Monitoring chemical reactions following the addition of TiO2 nanoparticles in white Portland cement pastes

Abstract

Nanoparticles of titanium dioxide (NPs-TiO₂) are used in several industries, with common applications due to their surface photocatalytic effect. An alternative use is the TiO₂ addition to partially replace white Portland cement (WPC) to maintain the reflectivity surface over time. However, although it is known that the TiO₂ addition influences the reaction kinetics of Portland cement, there are still literature controversies about how this material’s physical, chemical, and mineralogical characteristics affect this dynamic.
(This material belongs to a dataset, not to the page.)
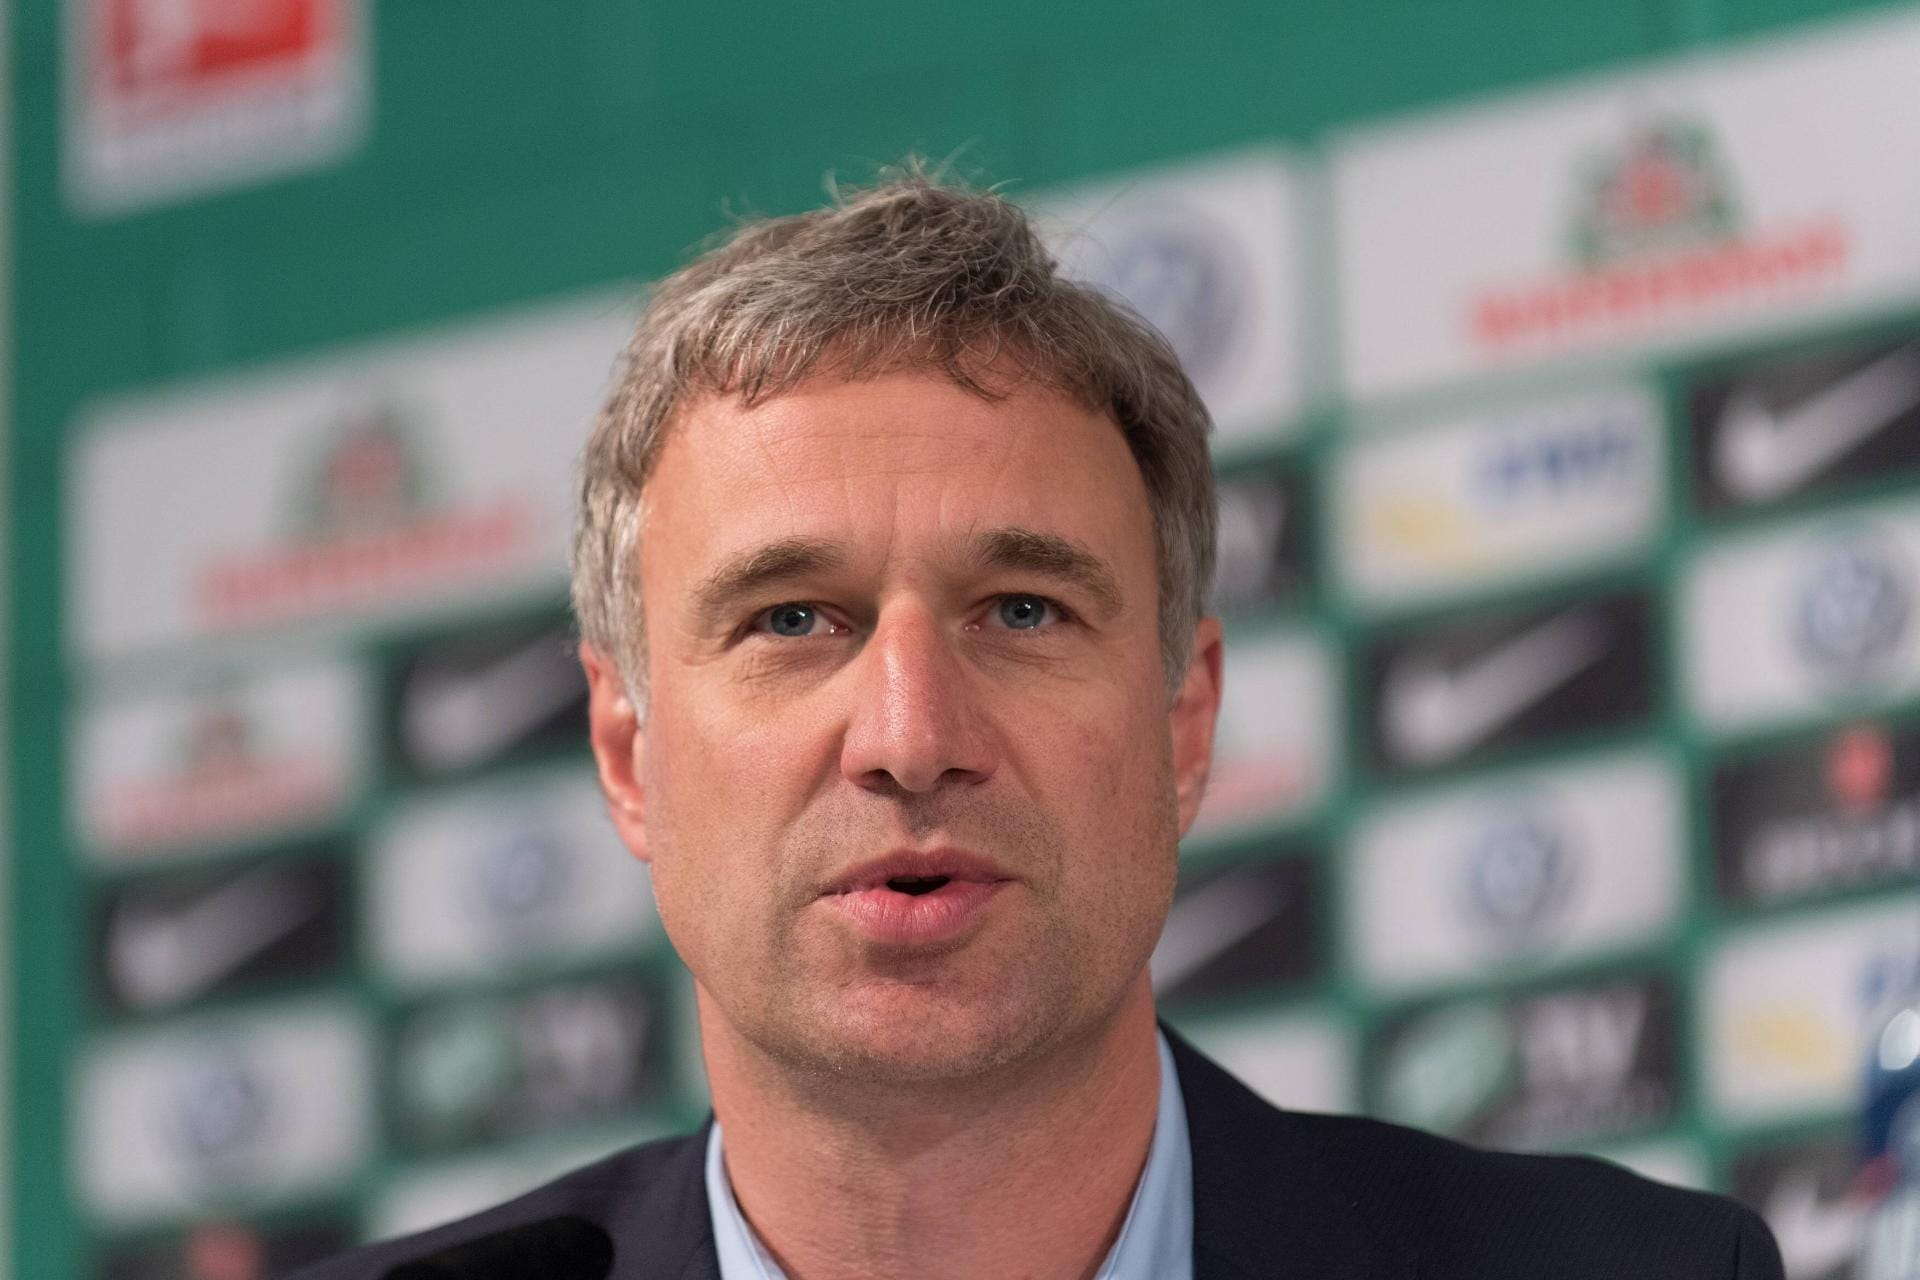 Marco Bode ists eit 2014 Aufsichtsratsvorsitzender beim SV Werder Bremen.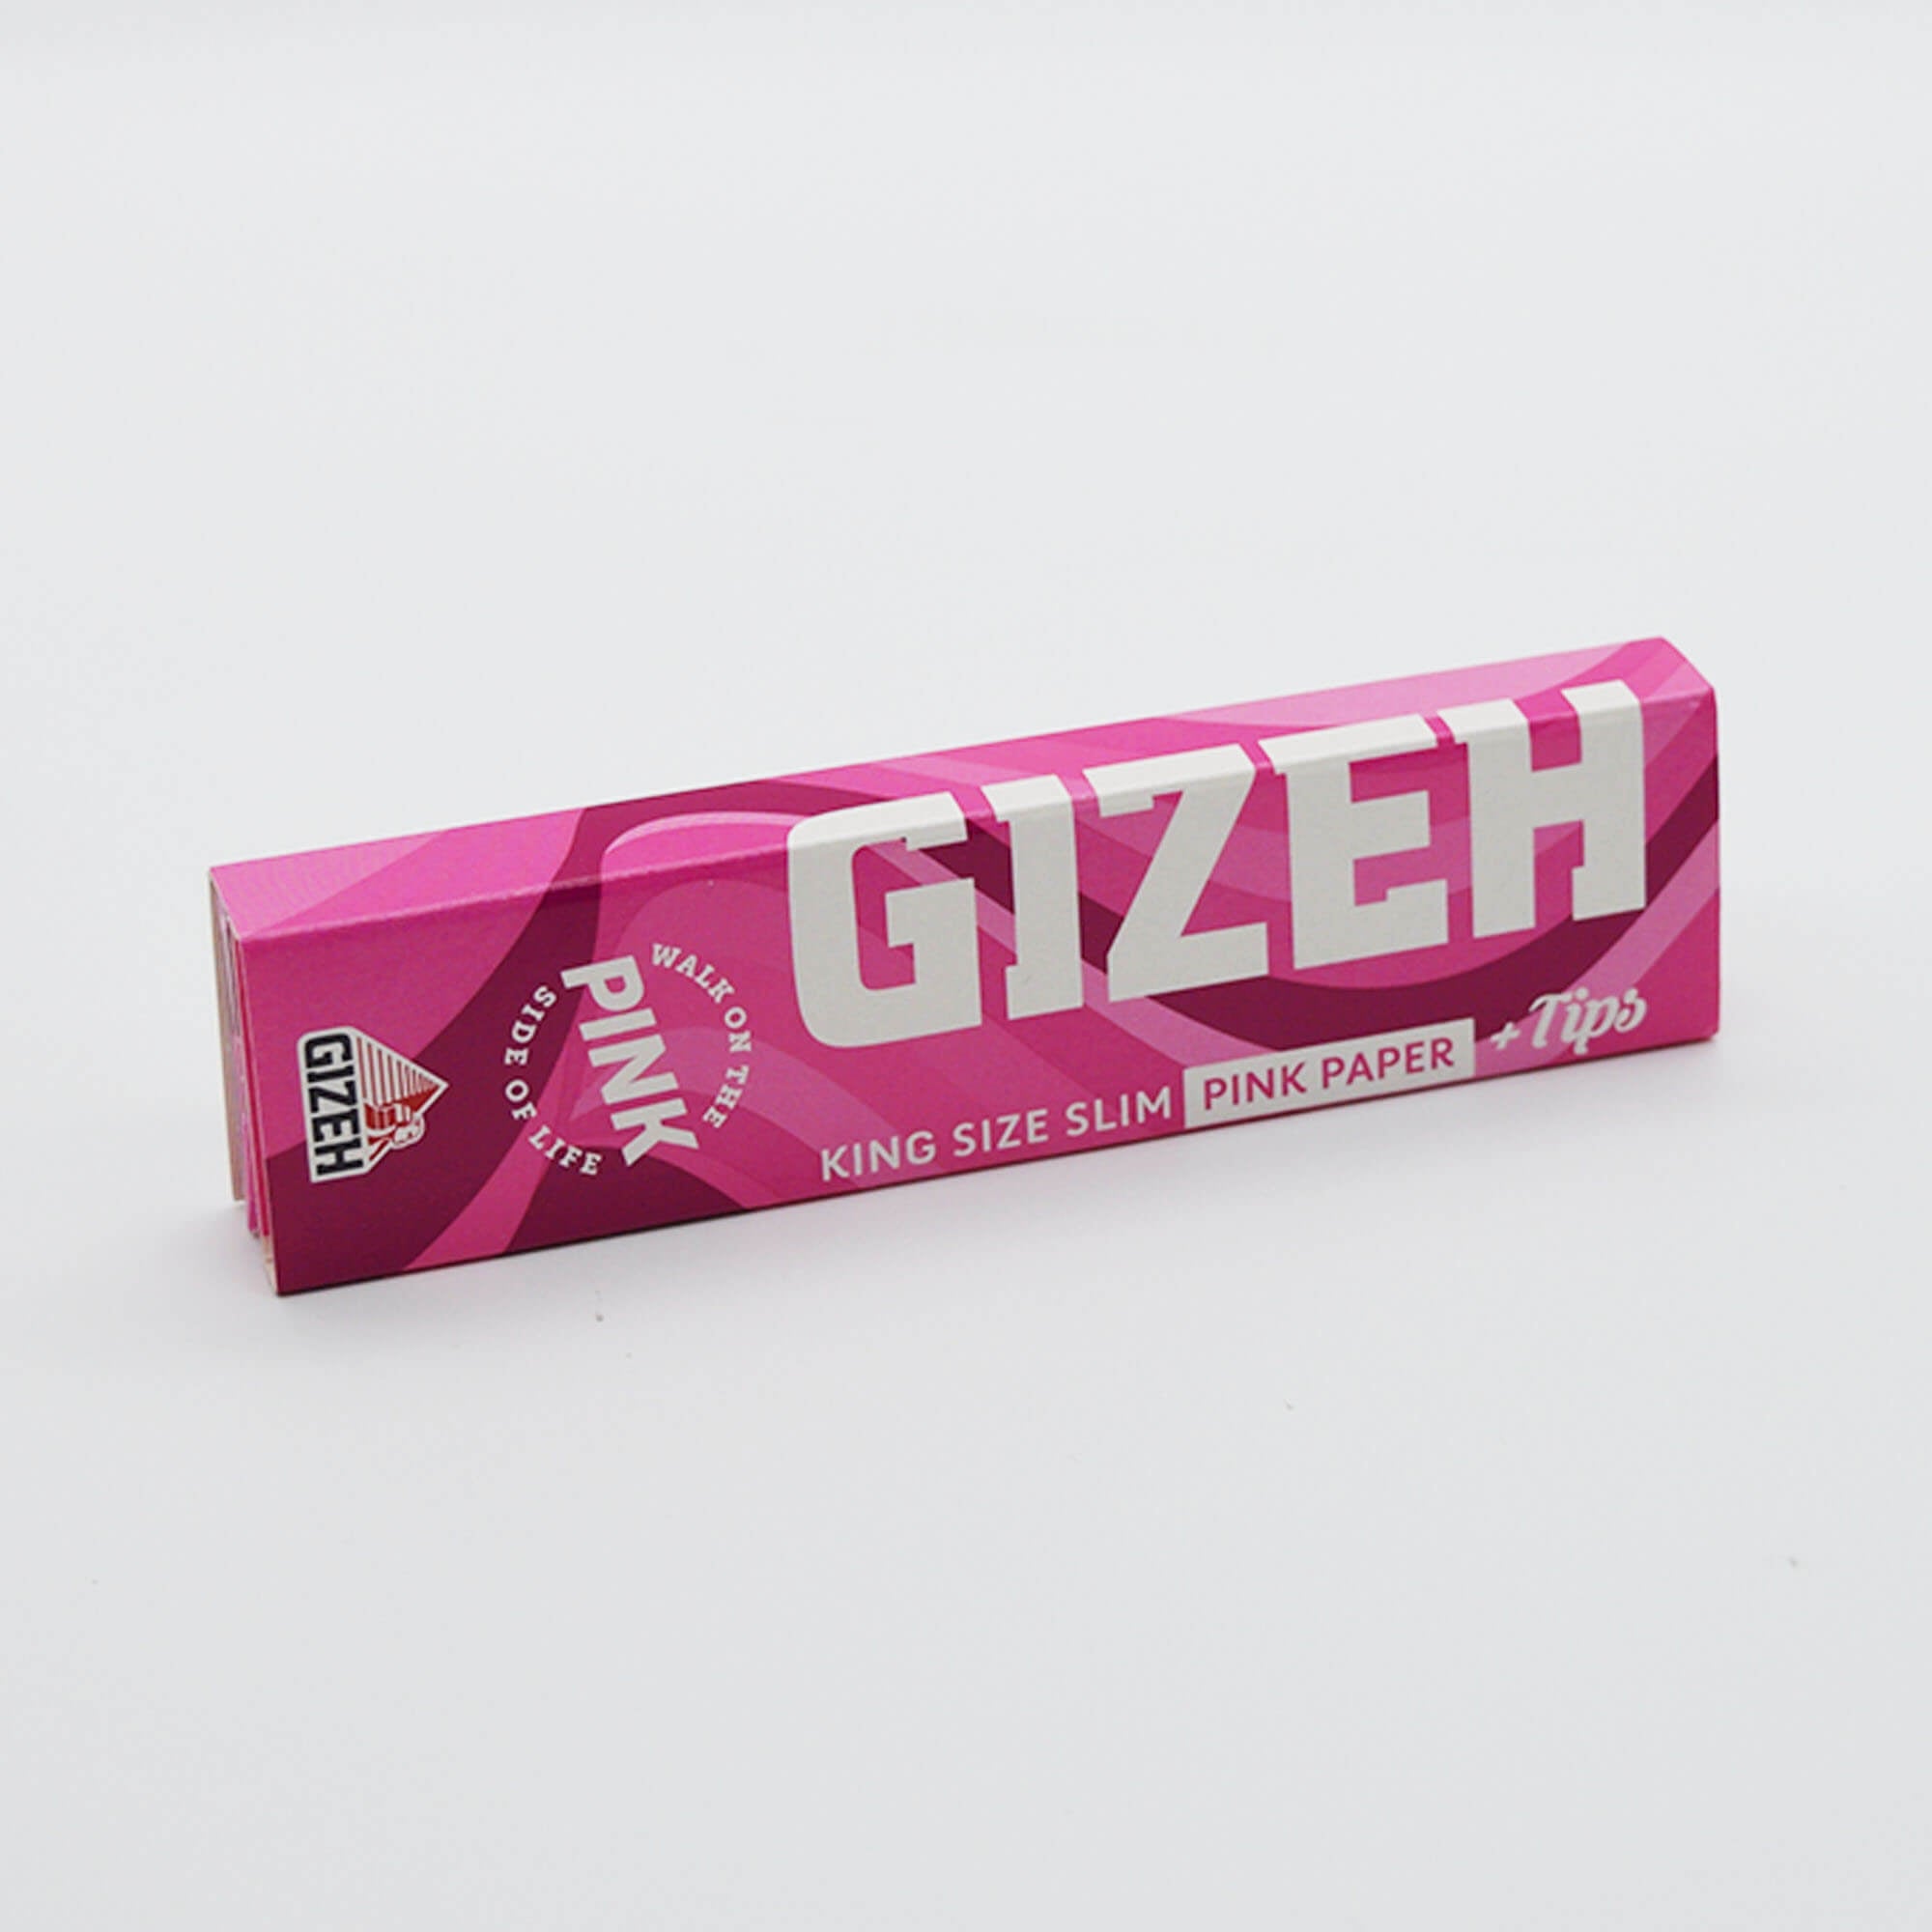 Gizeh King Size Slim Longpapers + Tips - Smokerhontas

Therefore, this paper aims to monitor the chemical reaction after adding NPs-TiO₂ in WPC suspensions and discuss its effect on the hydration process concerning TiO₂ characteristics and the addition content. For this purpose, two TiO₂ samples with distinct mineralogical characteristics—pure anatase (TiPC105) and a combination of rutile and anatase (TiP25)—were used. The evolution of hydration kinetics was analyzed by calorimetry, while XRD analyzed the suspension’s mineralogy over time, and the hydrated compounds were quantified by thermogravimetry. It was found that the physical characteristics of the particles are more important for the suspension’s reaction kinetics than their mineralogical characteristics. However, in early hydration, adding finer NPs-TiO₂ did not lead to higher heat flow rates due to their tendency to agglomerate, reducing their effective surface area and consequently the area available for the precipitation of new hydrates. After a certain period, however, the trend usually found in literature prevails, with finer particles leading to higher reactivity.